7 May 2021 10:20am, by

Jupyter Notebook is a web-based development tool that makes it easier for developers to manage projects. With a user-friendly interface, Jupyter includes interactive elements to create and share live documents that contain code, visuals, equations, and even narrative texts.

I’ve already written about how to install Jupyter Notebook in my piece “Jupyter Notebooks: The Web-Based Dev Tool You’ve Been Seeking,” so you should read through that tutorial to get Jupyter up and running.

Thing is, with a default Jupyter installation, you miss out on GitHub integration. And given how so many developers depend on the likes of GitHub, this is a feature that is sorely missed.

Fortunately, a developer has created an extension that makes it possible for you to use Jupyter with GitHub. Unfortunately, since the developer created the extension for Jupyter/GitHub, things have changed on the side of GitHub, so there’s one caveat to using this tool (I’ll explain later). But even with that caveat, this extension is a good way to keep your Jupyter Notebooks in sync with a GitHub repository (otherwise, all of those notebooks will remain on your local machine).

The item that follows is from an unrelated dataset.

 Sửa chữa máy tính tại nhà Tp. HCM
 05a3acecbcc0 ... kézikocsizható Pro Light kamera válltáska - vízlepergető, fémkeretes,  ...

Let’s get these two pieces of technology connected.

Before you start this process, make sure you’ve taken care of getting Jupyter installed. Make sure you don’t launch a notebook yet. We’ll do that in a bit.

Installing the Extension

You’ve already installed the necessary dependencies for Jupyter (Python and pip). You now need to install the Jupyter GitHub extension. Log into your machine that contains Jupyter and open a terminal window. From the CLI, issue the following commands:

alias pip=pip3

pip install git+https://github.com/sat28/githubcommit.git

jupyter serverextension enable --py githubcommit

jupyter nbextension install --py githubcommit --user

jupyter nbextension enable githubcommit --user --py

The above commands will install the extension and make sure it is available for all notebooks.

Install the remaining dependencies

You probably already have git installed, but on the off-chance you don’t, issue the command (I’m demonstrating on Ubuntu Desktop 21.04):

sudo apt-get install git -y

If you’re using a Red Hat-based distribution, that command would be:

sudo dnf install git -y

Generate SSH keys

You’ll also need SSH keys (so you can clone the necessary repository). For this, run the command:

ssh-keygen

Make sure to accept the defaults and give the key a unique and strong password.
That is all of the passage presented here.